Я стоял и смотрел им вслед. Они двигались неторопливо, словно не шелестел по бурьяну осенний дождь, не висело над ними мокрое беспросветное небо. «Значит, — думал я, — кто-то берет еще девушек под руку и бережно ведет через тьму, значит, есть еще на свете и шепот ищущих губ, и поцелуи, и все остальное». Это было для меня как росток зелени из-под снега.

2

На следующий вечер я не читал Уитмена. Я сидел над пьесой и думал. Все в ней было на месте, и меня пугало то, что я намеревался сделать.

Островский смотрел на меня с обложки книги несколько укоризненно. Возможно, он уже кое о чем догадывался. «Слушайте, Александр Николаевич, — проговорил я тихо, — не сердитесь, пожалуйста. Вы, конечно, не могли знать, что вашу пьесу будут ставить в глухой сибирской деревне, осенью сорок второго года. А если б знали, то, конечно, сами пошли бы нам навстречу — упростили бы сюжет и не вводили бы столько мужских ролей. Ведь мужчины заняты сейчас совсем другим делом. Но и я ни в чем не виноват. Вы видели, как смотрела на меня эта юная учительница? Разве можно было ей отказать?»

После этого я достал из рюкзака мою великую ценность — огрызок химического карандаша и зачеркнул все первое явление первого действия. Карандаш врезался в пьесу, как скальпель в живое тело.

Мучительно трудно было решить, кого именно из действующих лиц убрать. Никто из них не желал уходить добровольно. Они хватали друг друга за руки, упирались, как только могли. Но я был неумолим.

Первым исчез Иван — слуга в кофейной. Затем ушли Гаврило, цыган Илья, лакей в доме Огудаловых. Затем я попросил удалиться Робинзона. Этот спившийся субъект рассвирепел и, уходя, так гневно хлопнул дверью, что вся пьеса зашаталась, готовая рухнуть.

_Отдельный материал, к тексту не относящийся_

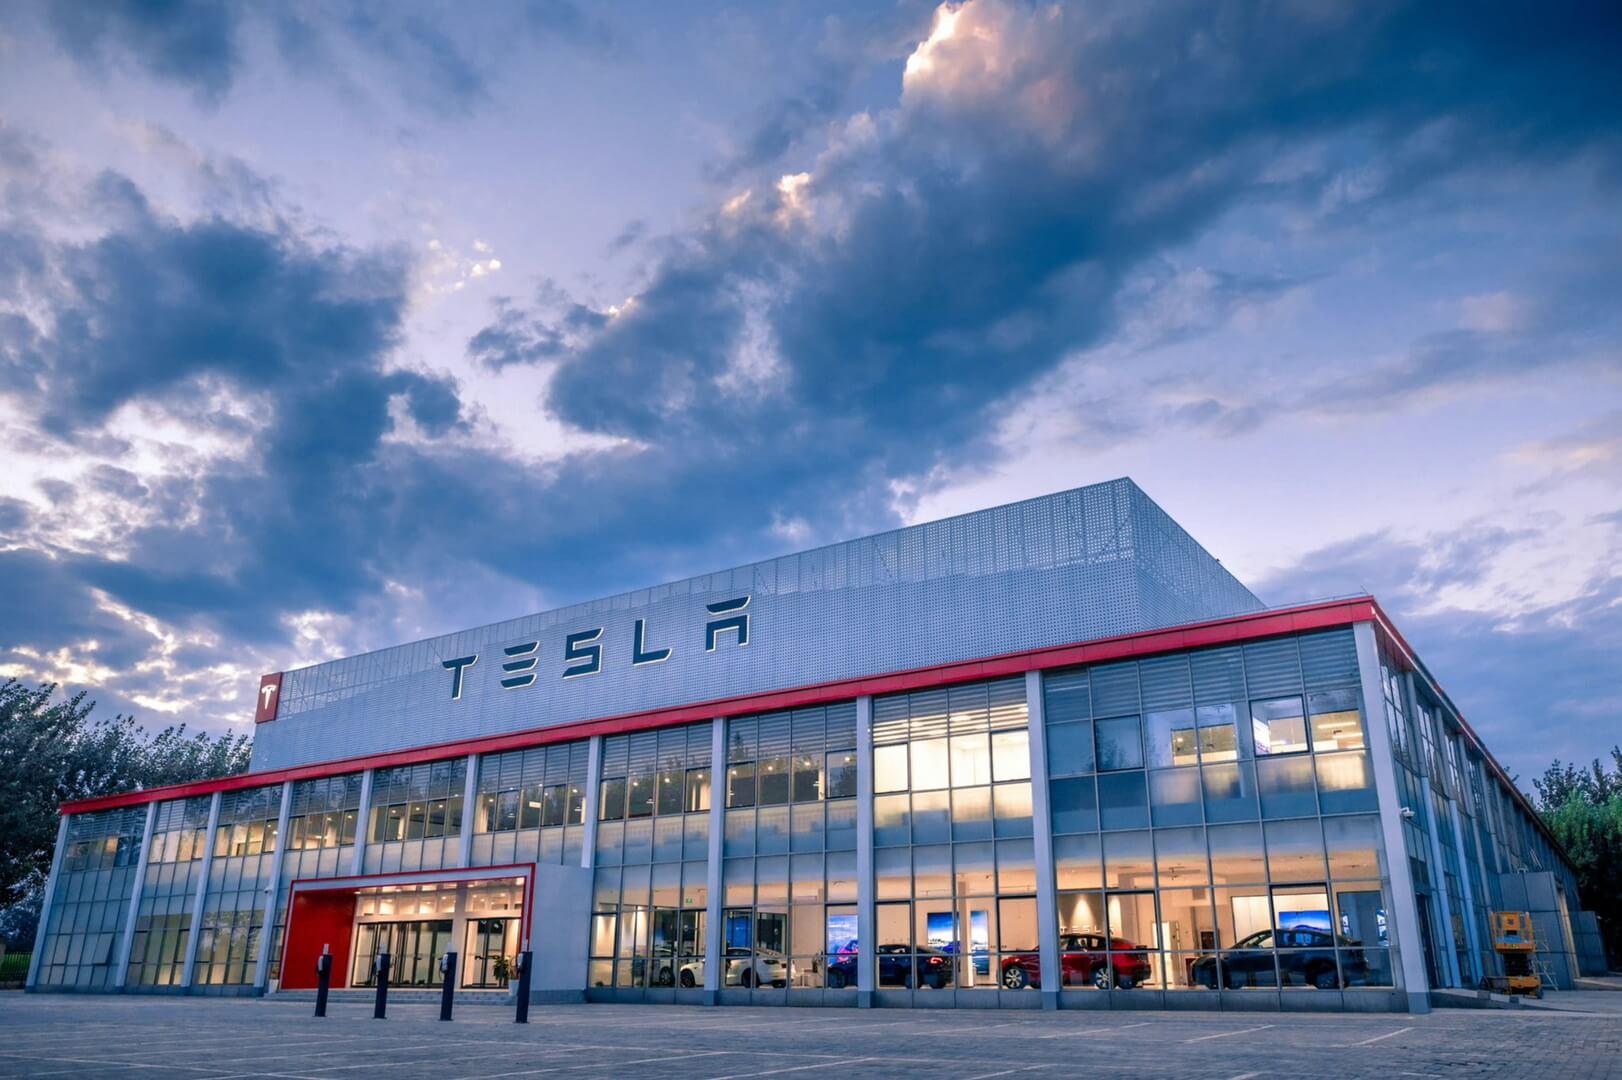 Tesla построила крупнейший центр доставки в Китае и, возможно, в мире, поскольку ожидает больших успехов на важном рынке

Так одного за другим я уволил шесть человек. Это было нелегко. Мне казалось временами, что я режу без наркоза самого себя. Лоб мой покрылся потом. Иногда я оставлял книжку, ходил по избе и проклинал ту несчастную минуту, когда ко мне явилась миловидная учительница. Было чистым безумием браться за такую заплечную работу. И ради чего? Я даже не знал, как ее зовут.

После нескольких вечеров исчерканная вдоль и поперек пьеса походила на дом после артиллерийского обстрела. Мне пришлось даже кое-что дописать, чтоб не видны были пробоины. Так фанерными щитами маскируют то, что разрушено снарядами.

3

Мой товарищ, Минька Чеканов, был долговязый, нескладный паренек лет четырнадцати. Впервые я встретил его летом на сенокосе. Тогда его необычайно заинтересовали мои очки. Некоторое время он смотрел на них с недоумением, полуоткрыв рот.

— Это как называется? — спросил он наконец.

— Очки.

— А пошто они тебе?

— Чтобы лучше видеть.

— А ну, дай спробую!

Он неумело нацепил на нос очки, недоверчиво посмотрел вокруг.

— Ничего не видно. — Возвращая мне их, проворчал с обидой: — Я тебя по правде спрашивал.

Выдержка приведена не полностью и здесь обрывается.